Dear OADN Members:
First let me be one of the first to wish you a Happy Nurses Week and applaud you for all you do for the nursing profession, especially when educating the future nursing workforce. This year’s tagline, 4 Million Reasons to Celebrate emphasizes the magnitude of nursing and its impact on individual’s lives. Each of you demonstrates daily the importance of caring and compassion for others and influence the life of a future nurse. Never forget that one simple word of encouragement to a student can be forever life-changing.

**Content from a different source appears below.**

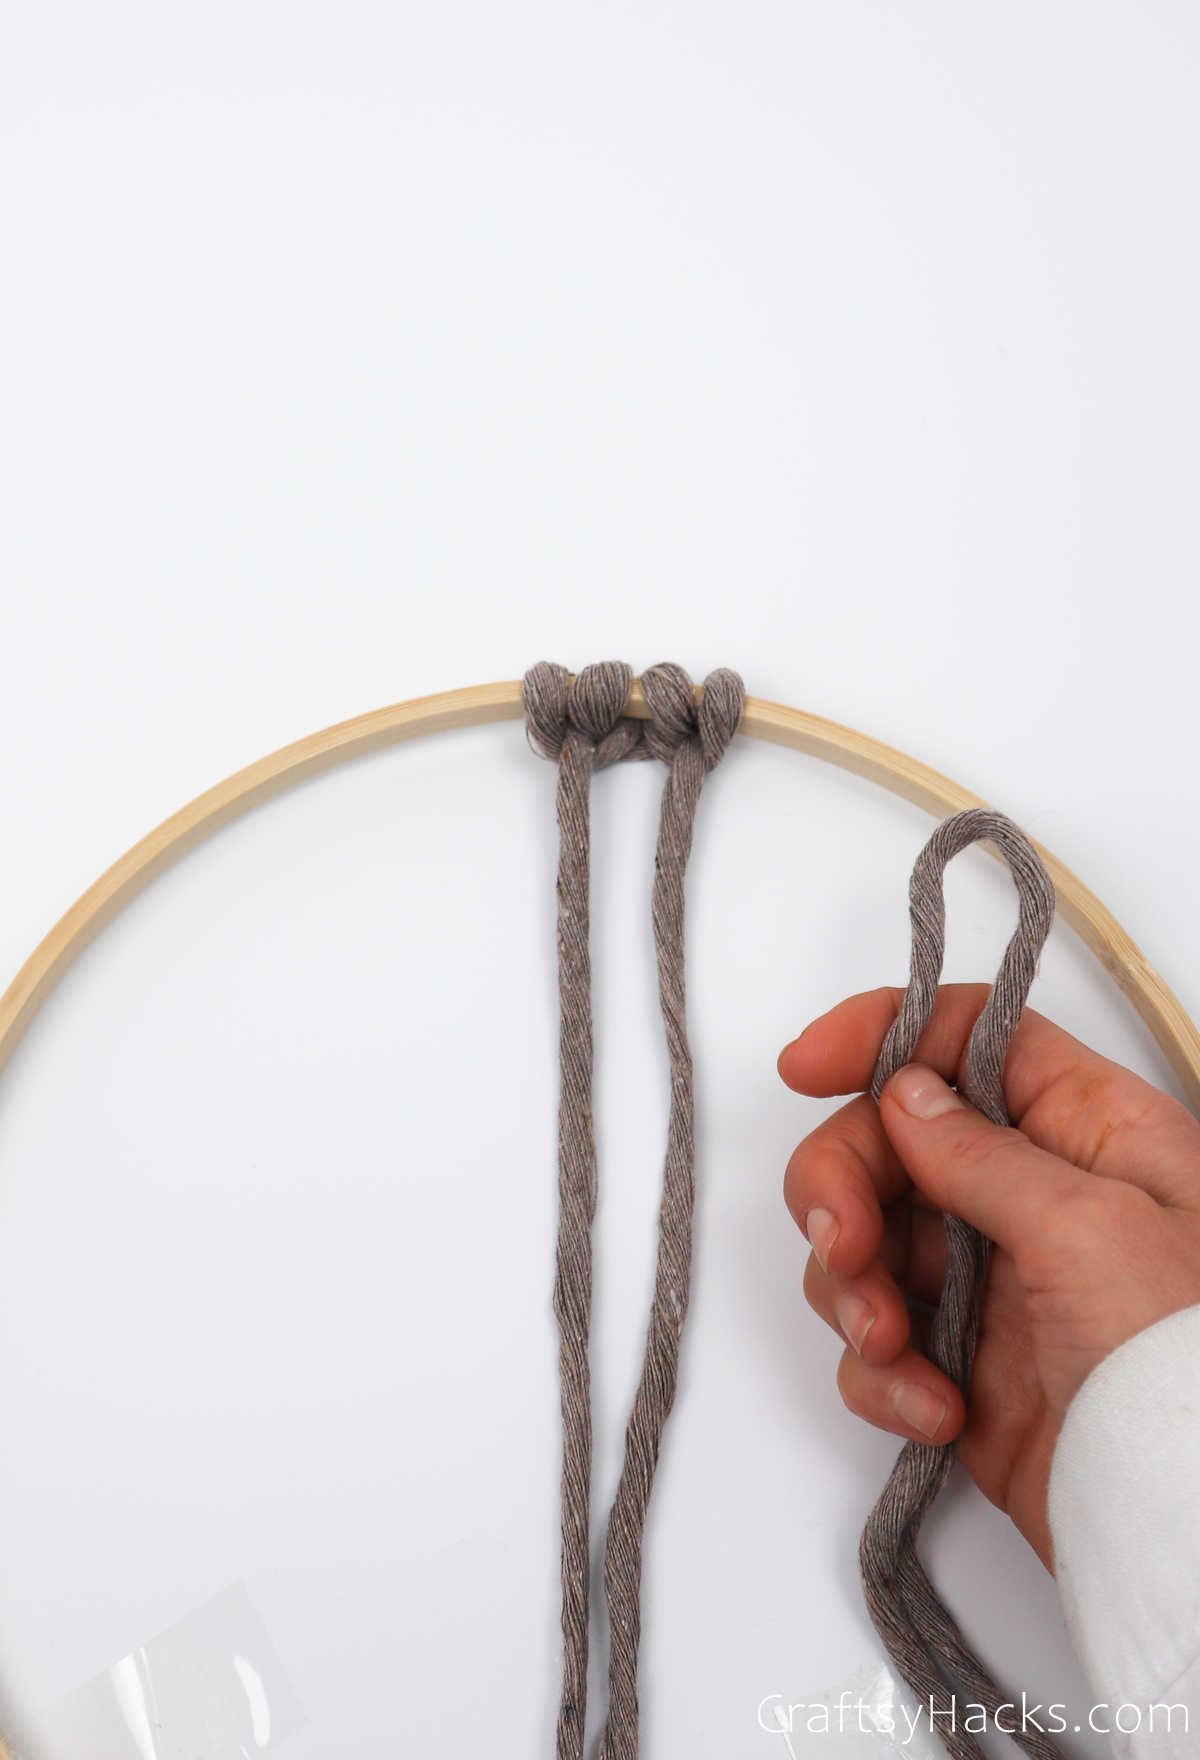 holding loop of string
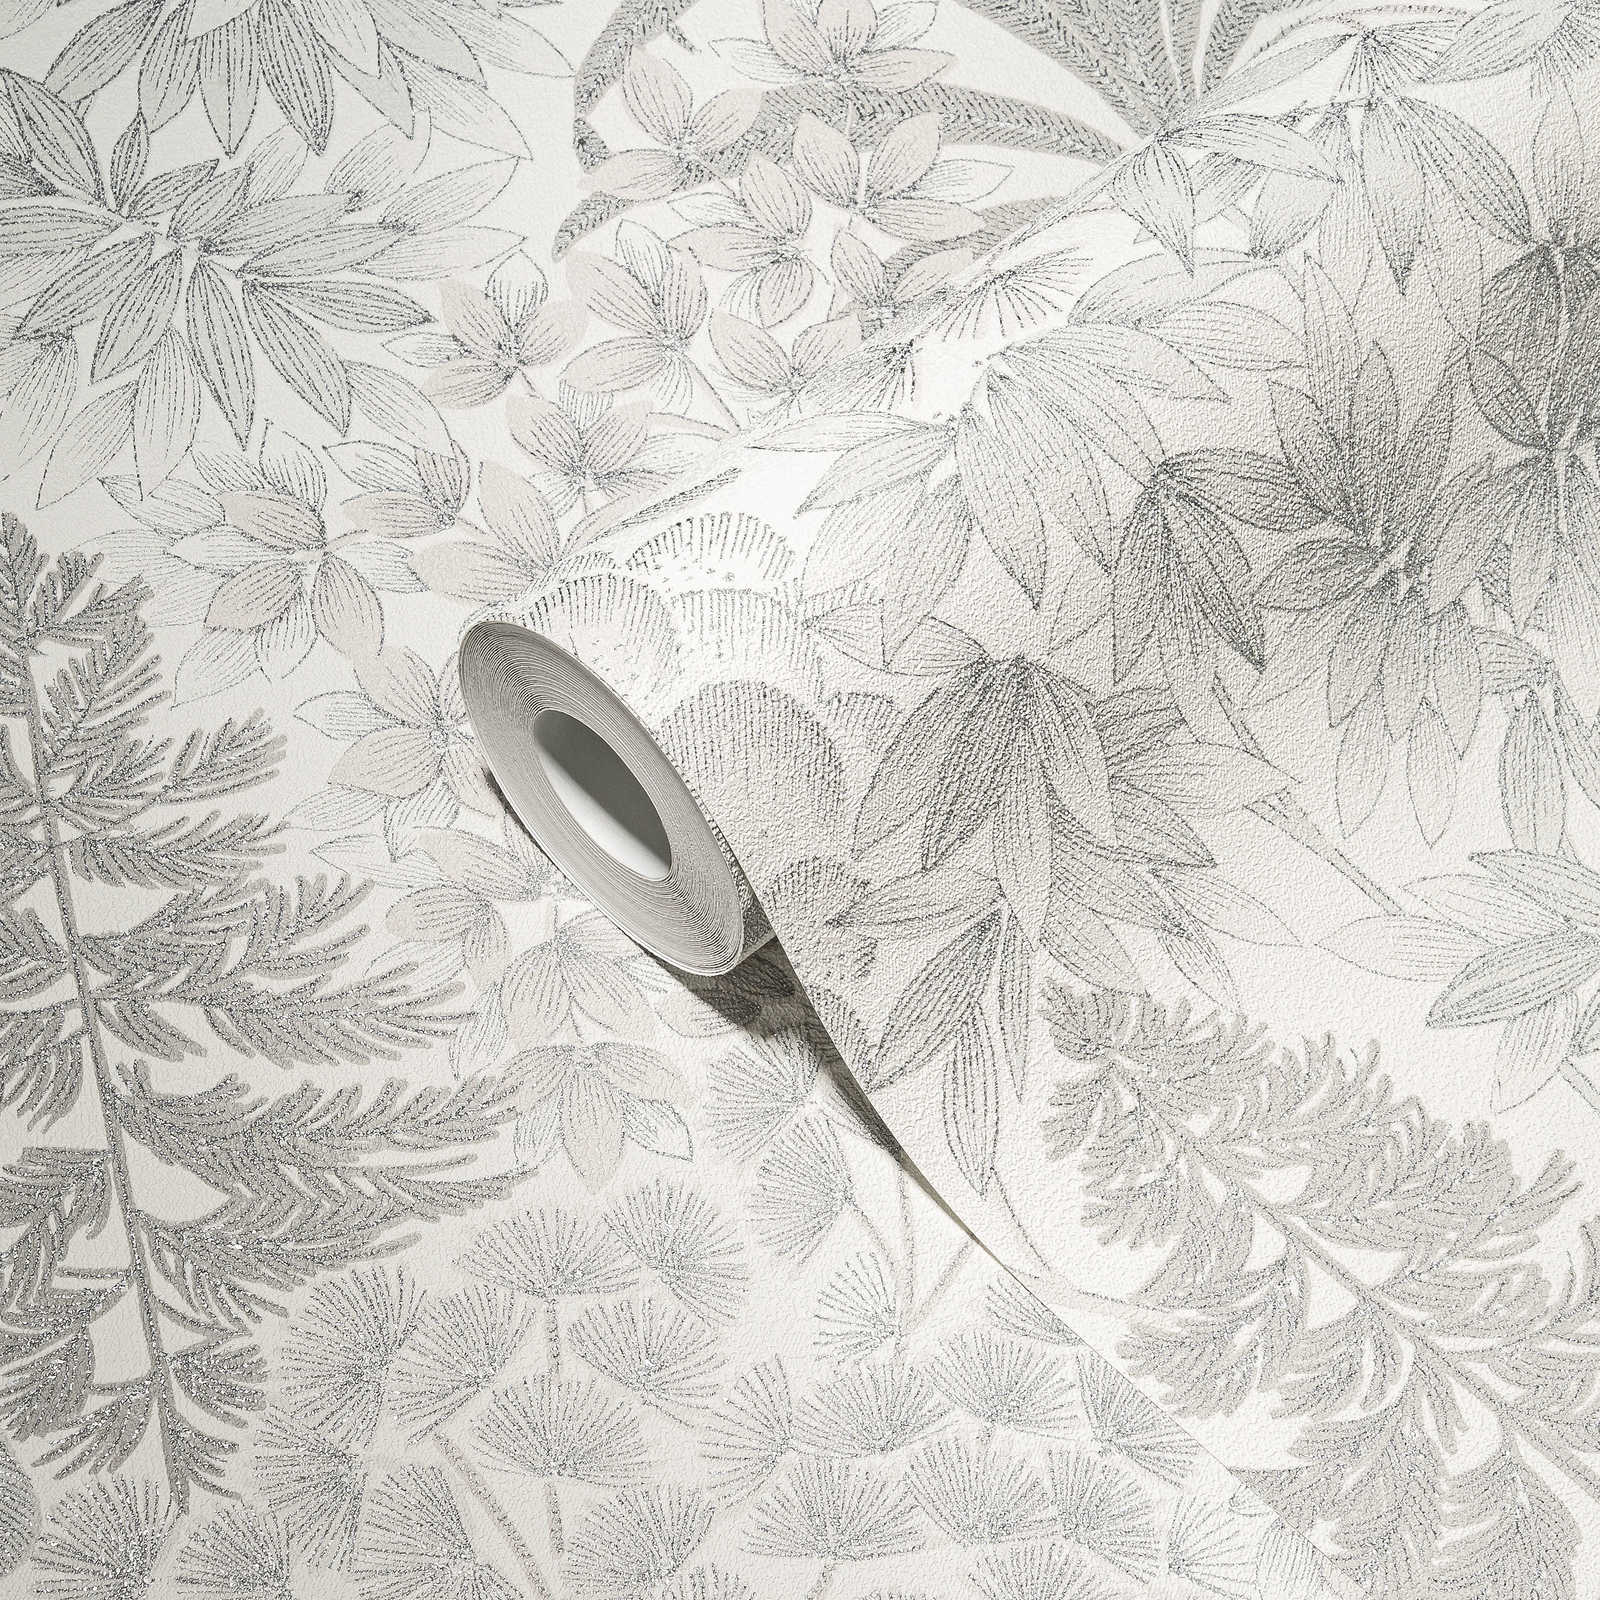             Carta da parati floreale leggermente lucida in un colore tenue - bianco, grigio, argento

As I write the words “future nurse,” it provides me the opportunity to think about the launch of the new report, “The Future of Nursing 2020 -2030.” When we hear about another report, I think for some it brings up a feeling of uncertainty. In 2011, when the Institute of Medicine (IOM) released its report, The Future of Nursing: Leading Change, Advancing Health, many associate degree nursing (ADN) programs felt threatened by some of the recommendations. This time is different because as ADN programs we were present at the beginning of this new report. I had the honor to represent OADN and provide testimony to the Future of Nursing 2020-30 Committee on March 20 emphasizing the important role of ADN programs. This new consensus study will focus on charting a path for the nursing profession to help our nation create a culture of health. Some of the key points that directly relate to OADN are:
- The role of nurses in improving health by addressing social determinants of health of communities
- The importance of all levels of nurses across the care continuum to address the challenges of building a culture of health
- The importance of a nursing workforce that is diverse, including gender, race, and ethnicity
- The education and training to prepare nurses to work outside of the acute care setting
In many ways, ADN programs are prime exemplars of addressing the social determinants of health in a community and development of health competencies. ADN programs exist in a wide variety of geographic areas across the United States and provide an important portal for diverse students. As the committee begins to chart a path for this work, it is imperative to collaborate with and leverage the role of our nation’s ADN programs in addressing the social determinants of health and healthcare access.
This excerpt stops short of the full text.